While the Board of Directors of the Corporation believes that it uses the best
information available to determine the allowance for loan losses, unforeseen
market conditions could result in material adjustments, and net earnings could
be significantly adversely affected if circumstances differ substantially from
the assumptions used in making the final determination.
63
<PAGE> 2
Loans secured by one- to four-family residential real estate are generally
considered to involve less risk of loss than other loans in the portfolio due,
in part, to the effects of general economic conditions. The repayment of
commercial loans generally depends upon the cash flow from the operation of the
business or property, which may be negatively affected by national and local
economic conditions. The risk of default on installment and credit card loans
increases during periods of recession, high unemployment and other adverse
economic conditions. When consumers have trouble paying their bills, they are
more likely to pay mortgage loans than consumer loans. In addition, the
collateral securing such loans, if any, may decrease in value more rapidly than
the outstanding balance of the loan.
COMPETITION
The Marion Bank ("Bank") competes for deposits with other commercial banks,
savings associations and credit unions and issuers of commercial paper and other
securities, such as shares in money market mutual funds. The primary factors in
competing for deposits are interest rates and convenience of office location. In
making loans, The Bank competes with other, commercial banks, savings
associations, consumer finance companies, credit unions, leasing companies,
mortgage companies and other lenders. Competition is affected by, among other
things, the general availability of lendable funds, general and local economic
conditions, current interest rate levels and other factors which are not readily
predictable. The size of financial institutions competing with the Bank is
likely to increase as a result of changes in statutes and regulations
eliminating various restrictions on interstate and inter-industry branching and
acquisitions. Such increased competition may have an adverse effect upon the
Corporation.
LEGISLATION AND REGULATION THAT MAY ADVERSELY AFFECT THE CORPORATION EARNINGS
As a state-chartered financial institution, the Bank is subject to extensive
regulation by the Ohio Division of Financial Institutions and the Federal
Deposit Insurance Corporation (the "FDIC") and is periodically examined by such
regulatory agencies to test compliance with various regulatory requirements. As
a bank holding company, the Corporation is also subject to regulation and
examination by the Board of Governors of the Federal Reserve System. Such
supervision and regulation of the Bank and the Corporation are intended
primarily for the protection of depositors and not for the maximization of
shareholder value and may affect the ability of the Corporation to engage in
various business activities. The assessments, filing fees and other costs
associated with reports, examinations and other regulatory matters are
significant and may have an adverse effect on the Corporation's net earnings.

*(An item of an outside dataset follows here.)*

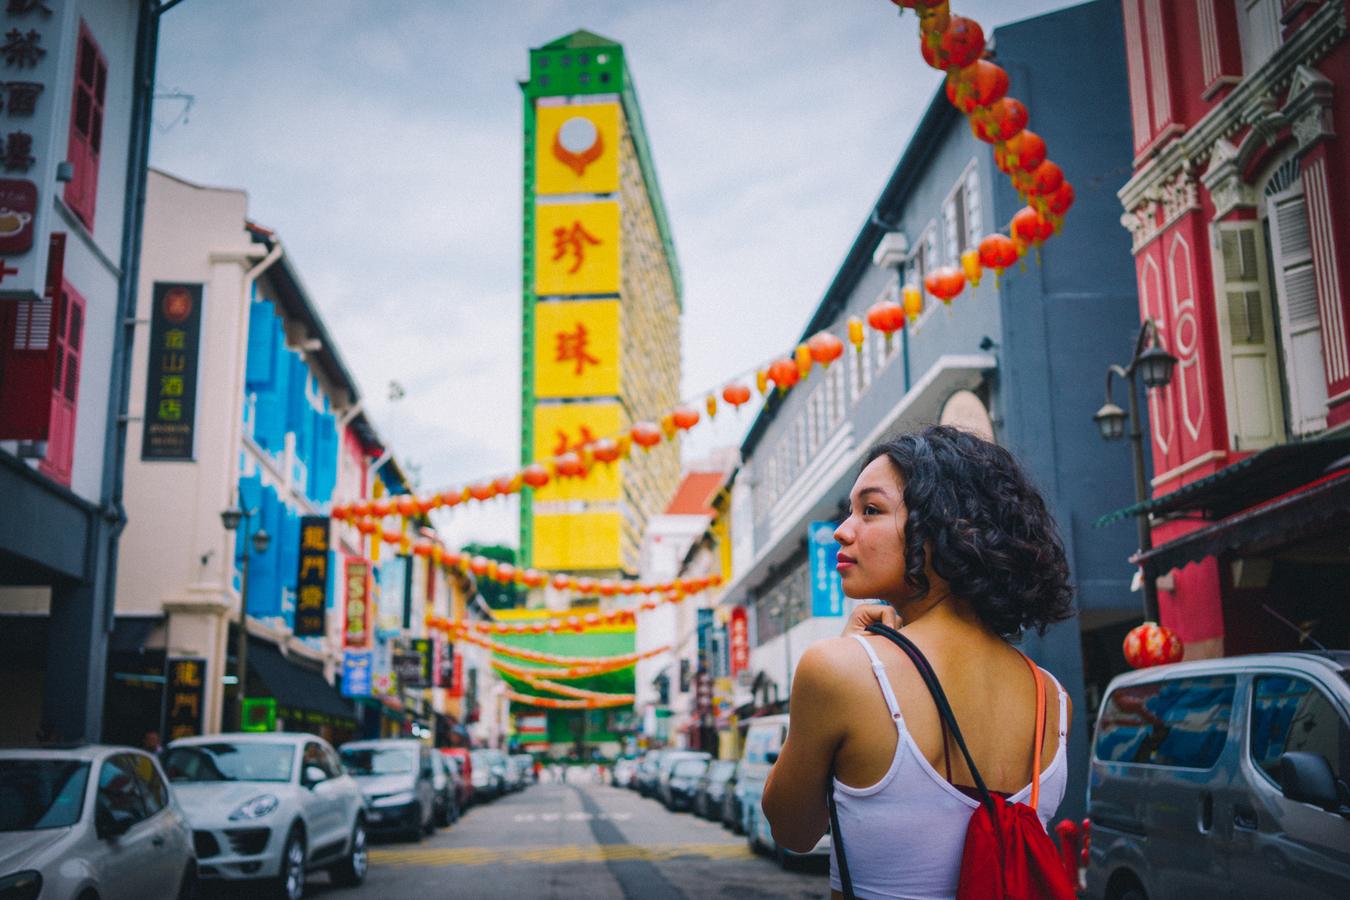 Procházka do Chinatown

The FDIC is authorized to establish separate annual assessment rates for deposit
insurance of members of the Bank Insurance fund (the "BIF") and the Savings
Association Insurance Fund (the "SAIF"). The FDIC has established a risk-based
assessment system for both SAIF and BIF members. Under such system, assessments
may vary depending on the risk the institution poses to its deposit insurance
fund. Such risk level is determined by reference to the institution's capital
level and the FDIC's level of supervisory concern about the institution.